Ning Moza yang mendapatkan biasiswa sampai ke jenjang atas dan semuanya terasa tiba tiba ketika Gus Alvaro hadir mengkhitbahnya dan menghalalkan dalam ikatan sakral. Dan masalah seketika menjadi ombak dalam iktan sakral, dengan hadir nya masa lalu keduanya. Gus Alvaro dan Ning Moza.
Bagaimanakah kisah tentang Ning Moza dan Gus Alvaro?!.

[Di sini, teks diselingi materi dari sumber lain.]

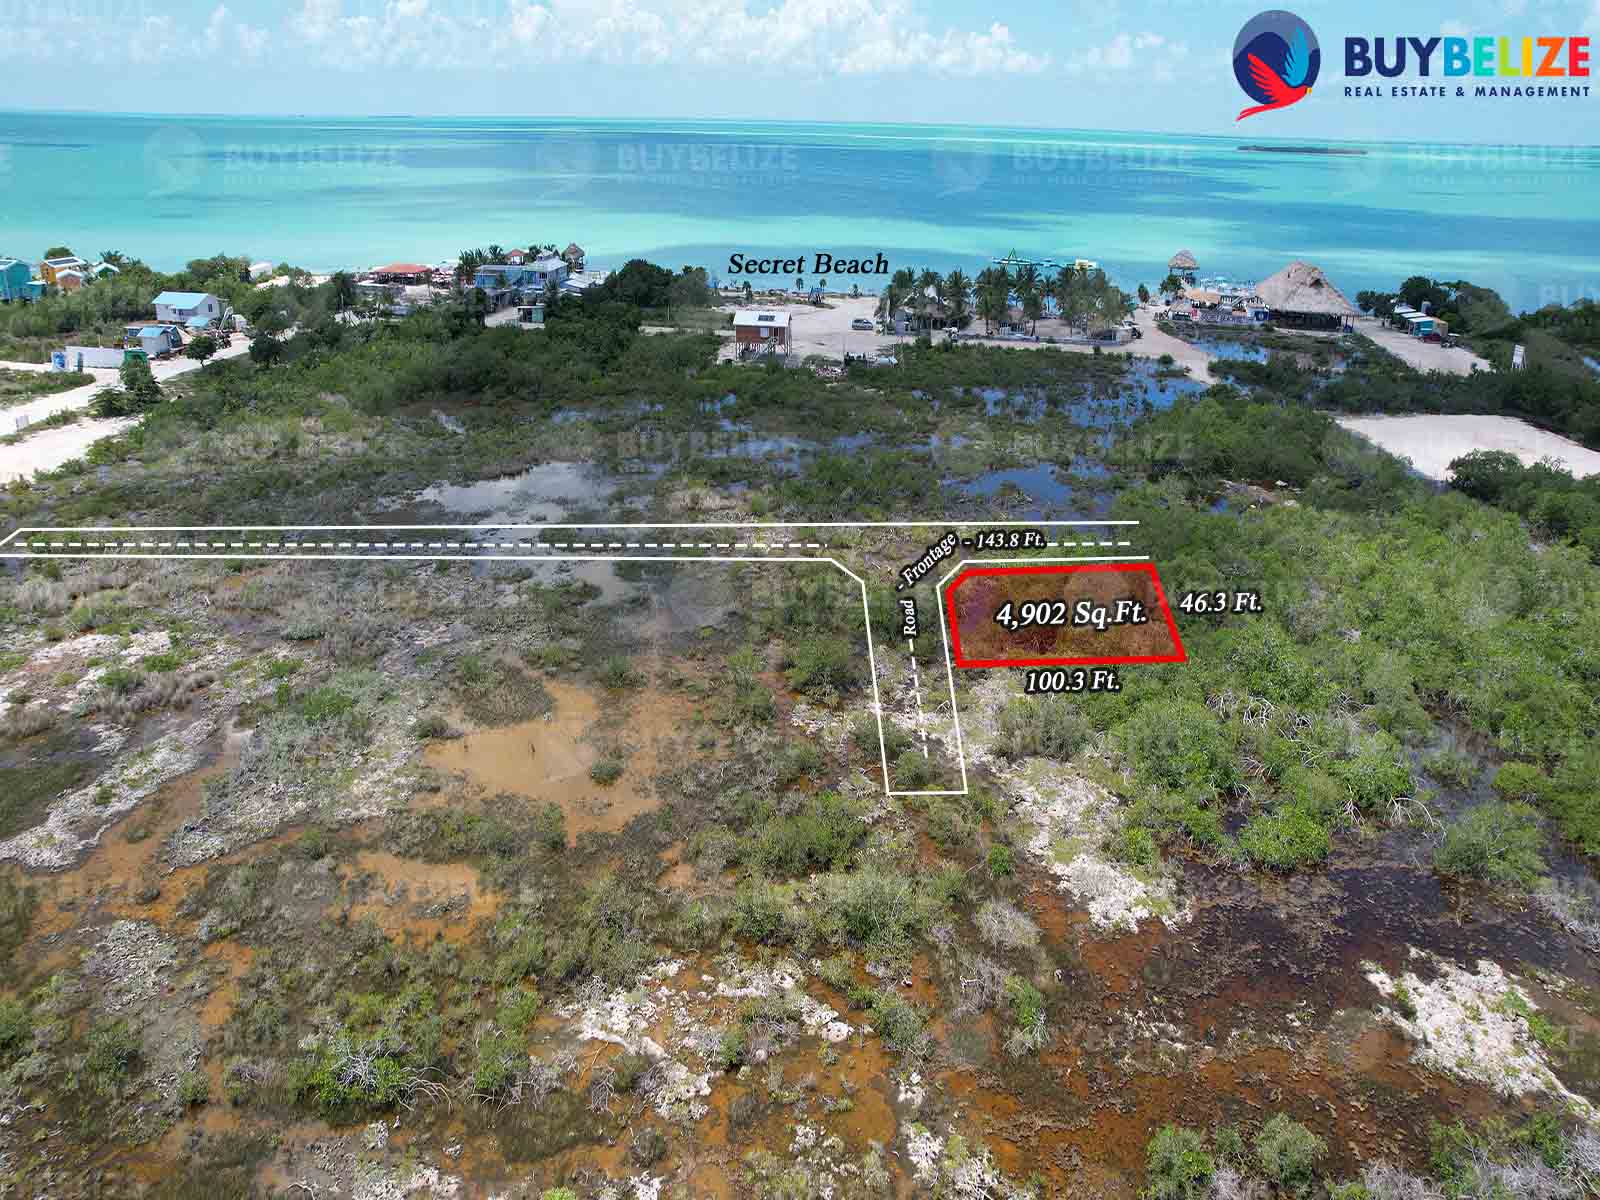 Grand Belizean Estate Corner lot for Sale, near Secret Beach, San Pedro Belize C.A $75,000 USD

Karya ini diterbitkan atas izin NovelToon blue_era, isi konten hanyalah pandangan pribadi pembuatnya, tidak mewakili NovelToon sendiri
2 dan 3
"Mbak Diana".panggil Gus Syafiq saat mbak Diana akan ke kamar Ning Moza mengantarkan cemilan untuk Ning Moza karena cemilan dikamar Ning Moza tinggal sedikit.
"Njihh Gus, wonten nopo?".
"Mbak Diana mau antar cemilan ke Ning Moza?".Tanya Gus Syafiq
"Njih Gus".
"Wes biar kulo wae, Mbak Diana bantu masak mawon".kata Gus Syafiq
" njih mpun Gus kalo gitu"kata mbak Diana
"niki Gus" dengan menyerahkan nampan yang berisi cemilan cemilan untuk Ning Moza.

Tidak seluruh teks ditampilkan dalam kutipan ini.